[DATA EXCERPT]
....

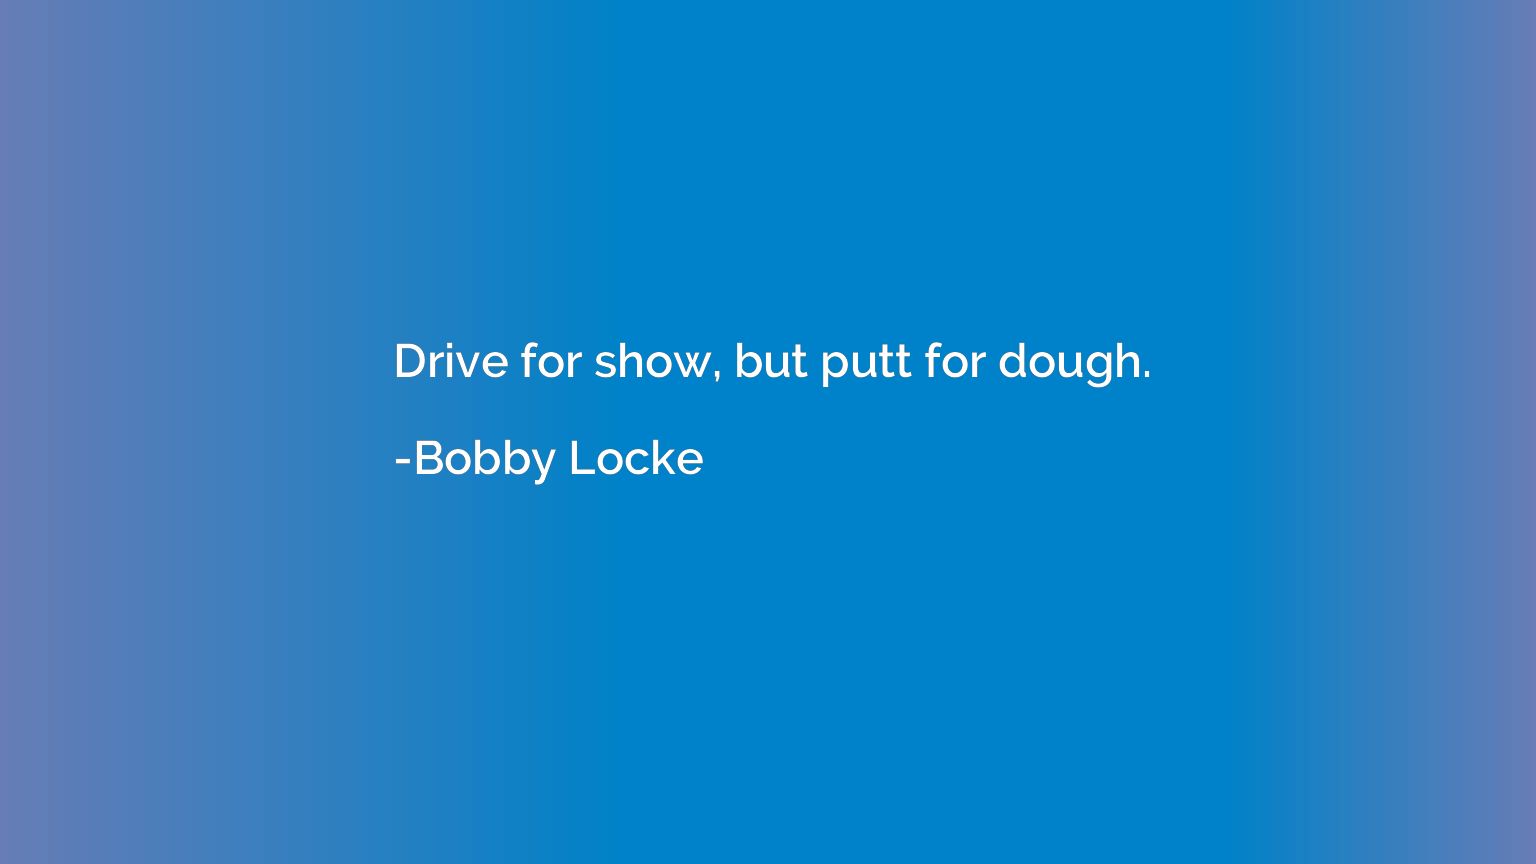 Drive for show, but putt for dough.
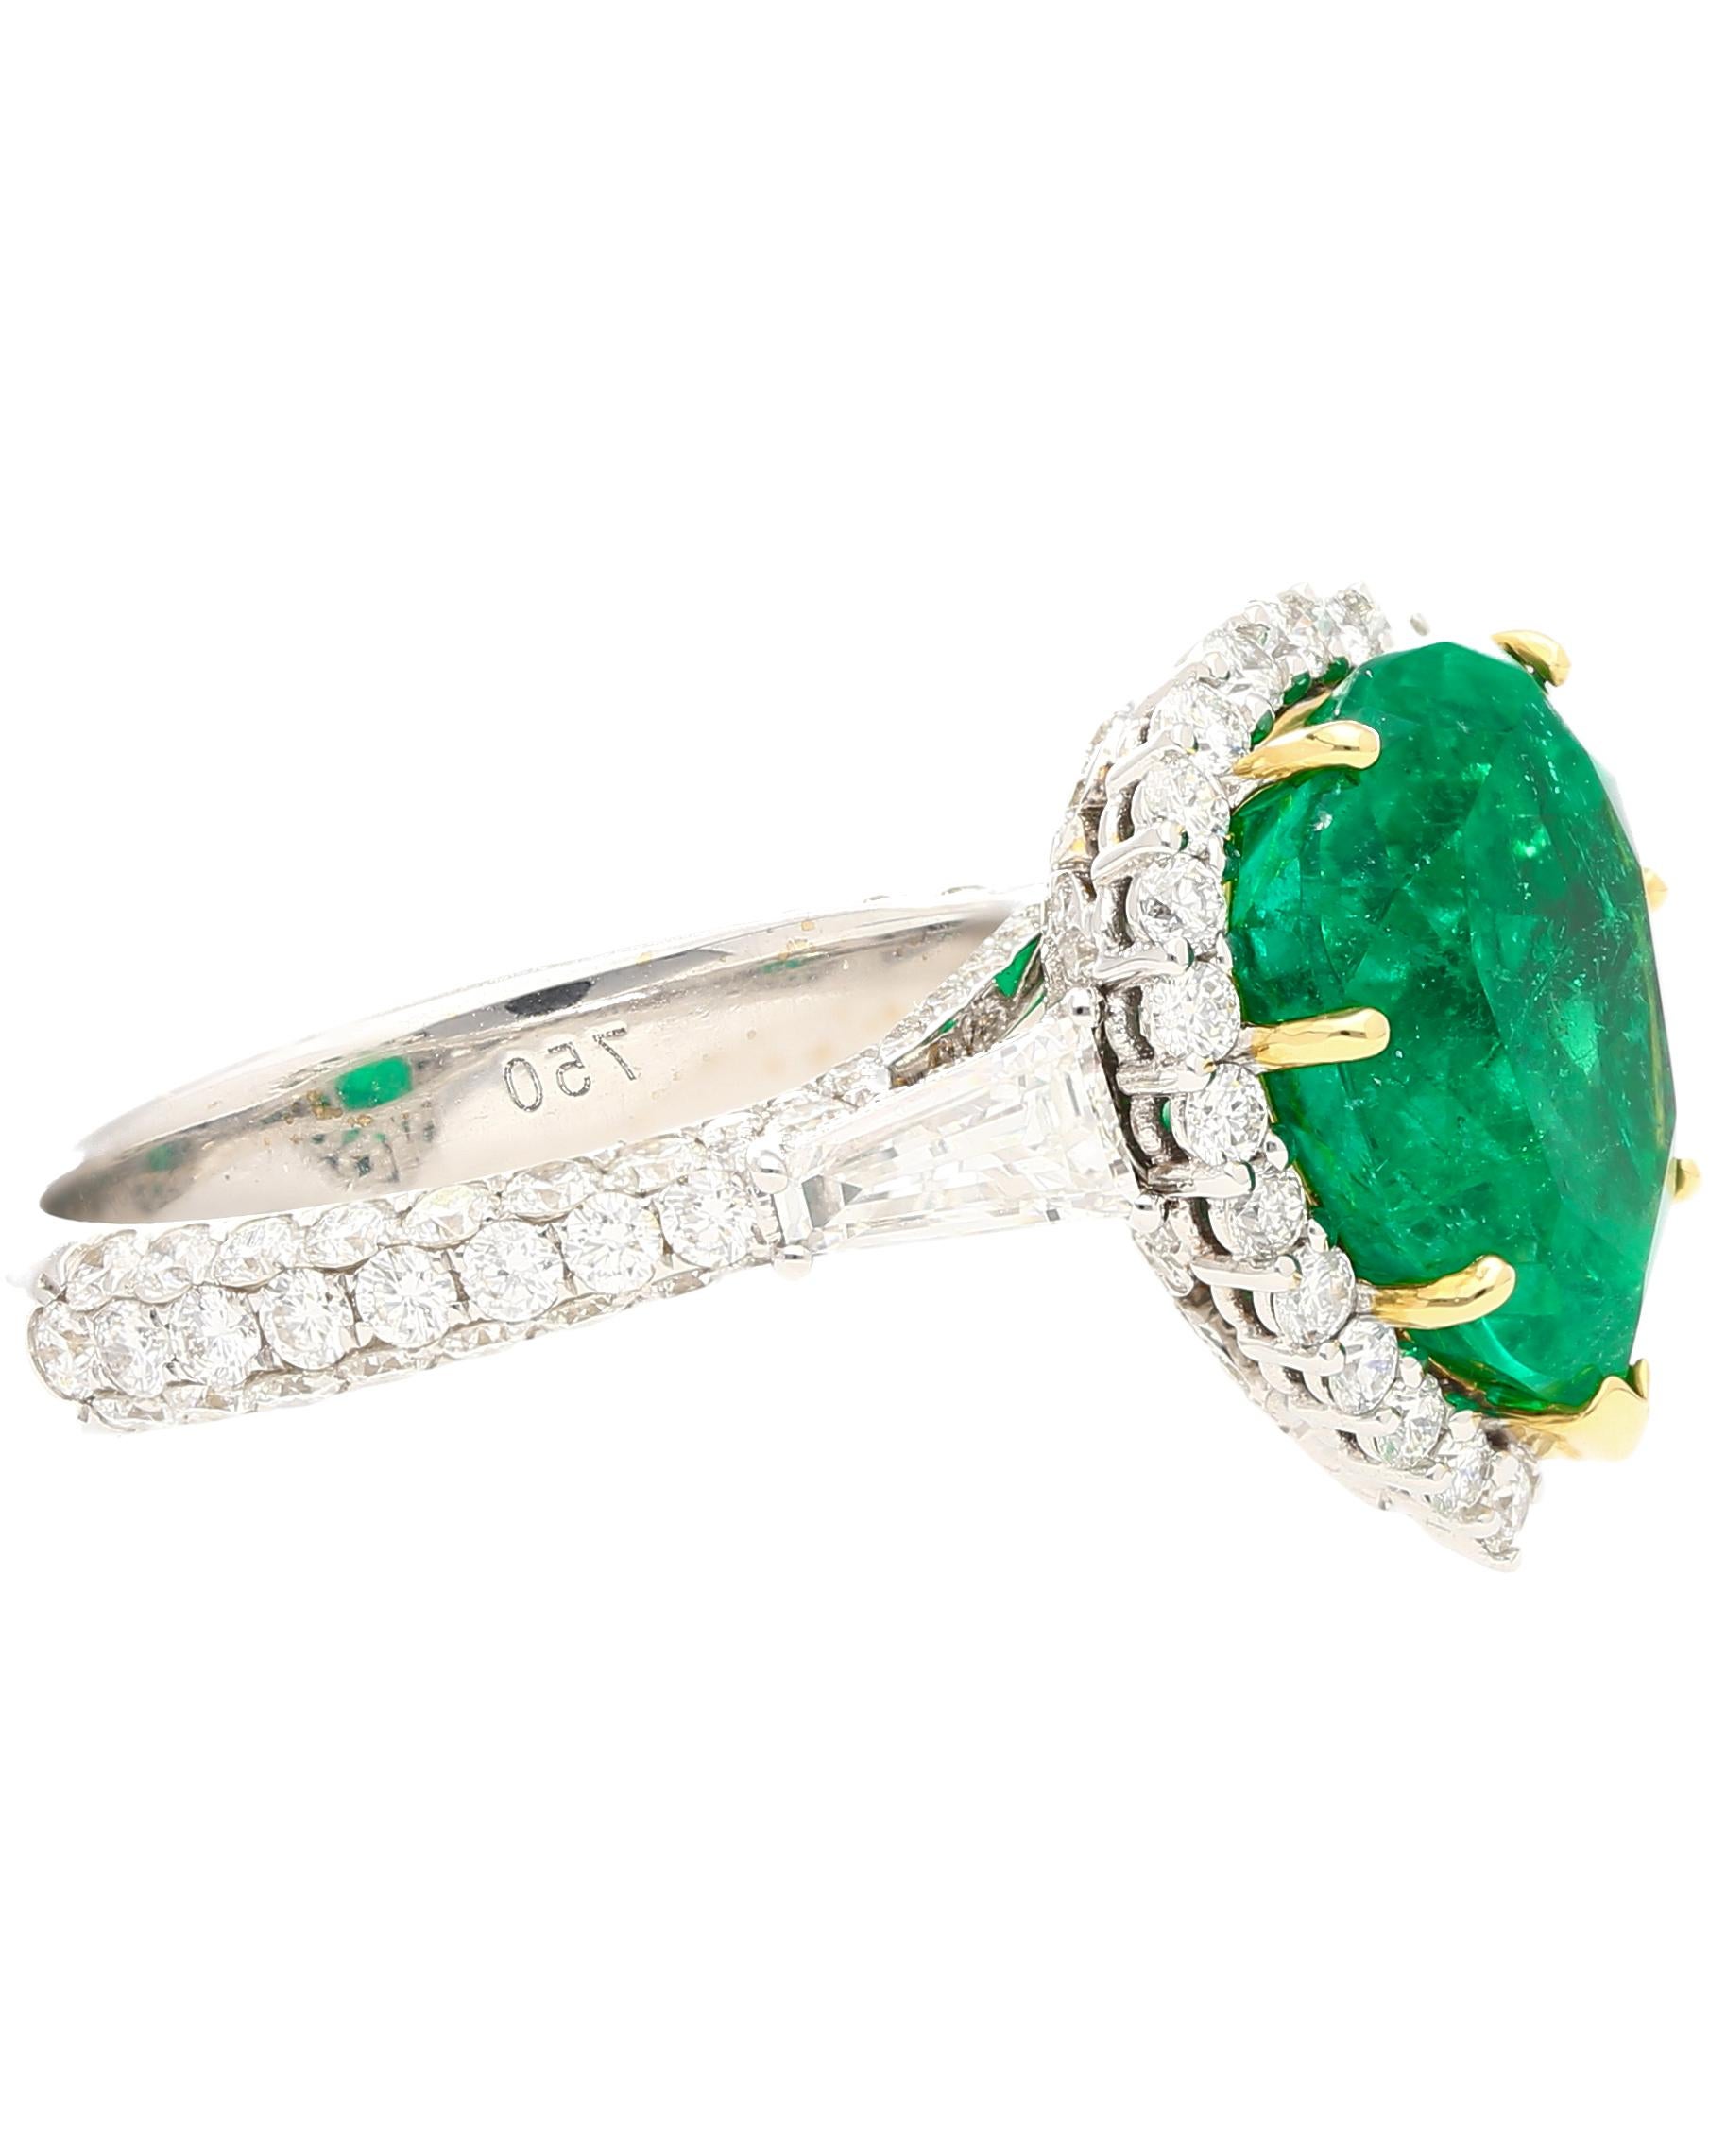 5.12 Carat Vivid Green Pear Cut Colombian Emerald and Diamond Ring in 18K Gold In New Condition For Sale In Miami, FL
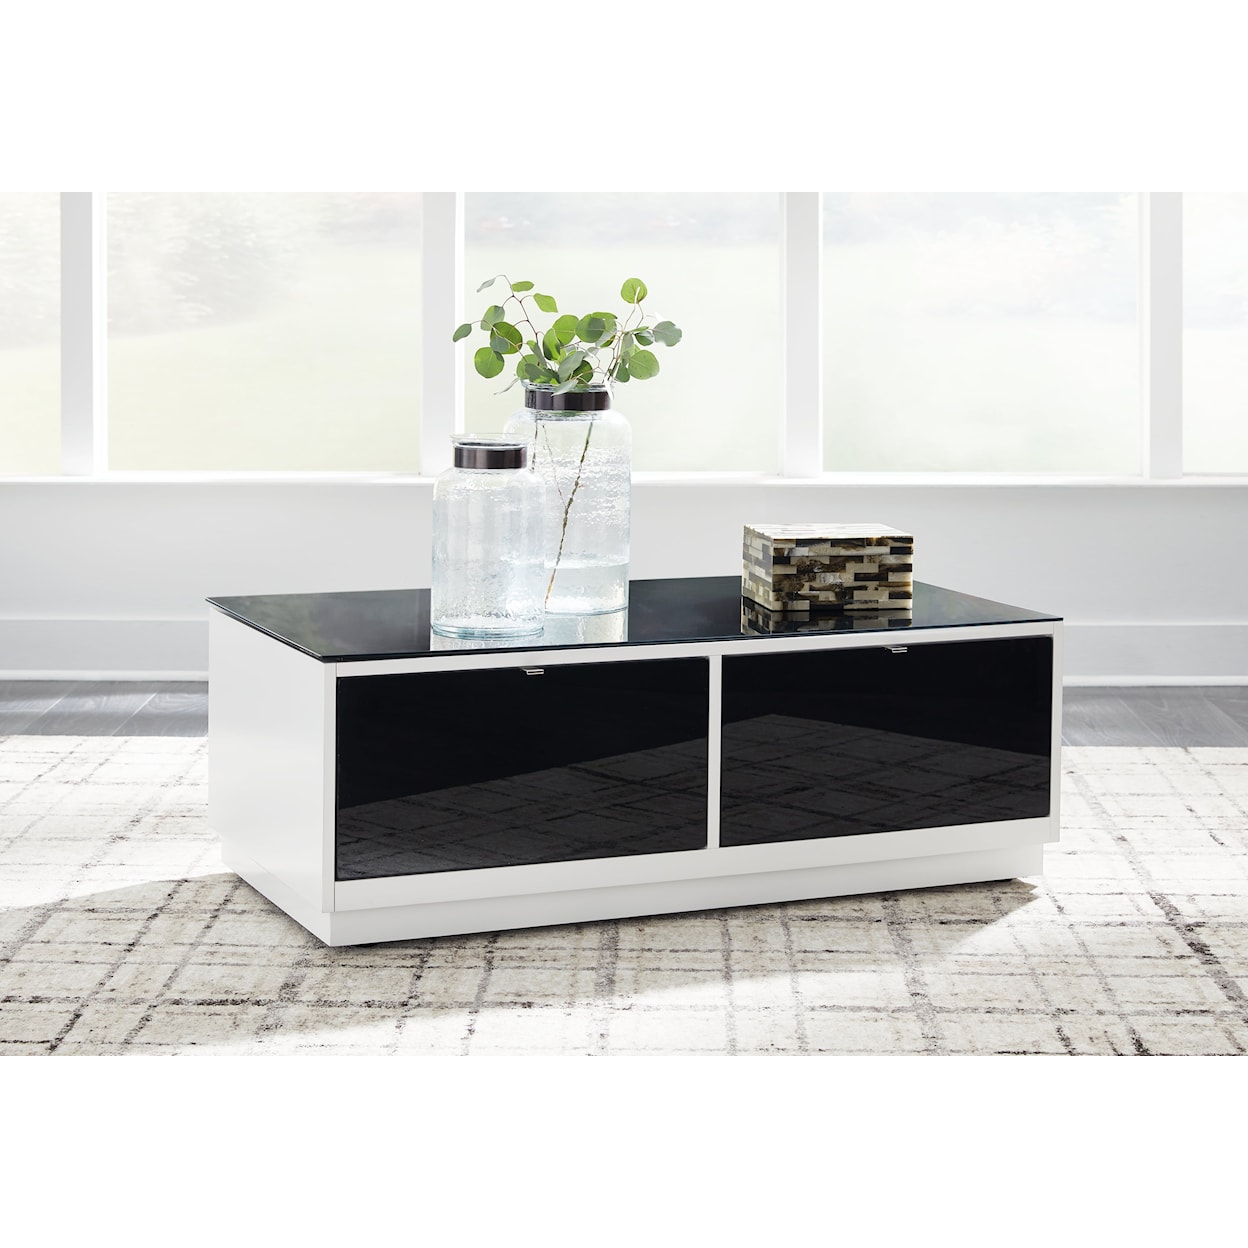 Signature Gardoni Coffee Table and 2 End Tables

....

[TASK REQUIREMENTS] "5.12 Carat Vivid" marks the first line to be returned; return exactly that line and every line after it through the last line of the listing, omitting pictures.

[RESULT FOR THIS TASK]
 5.12 Carat Vivid Green Pear Cut Colombian Emerald and Diamond Ring in 18K Gold In New Condition For Sale In Miami, FL
 Signature Gardoni Coffee Table and 2 End Tables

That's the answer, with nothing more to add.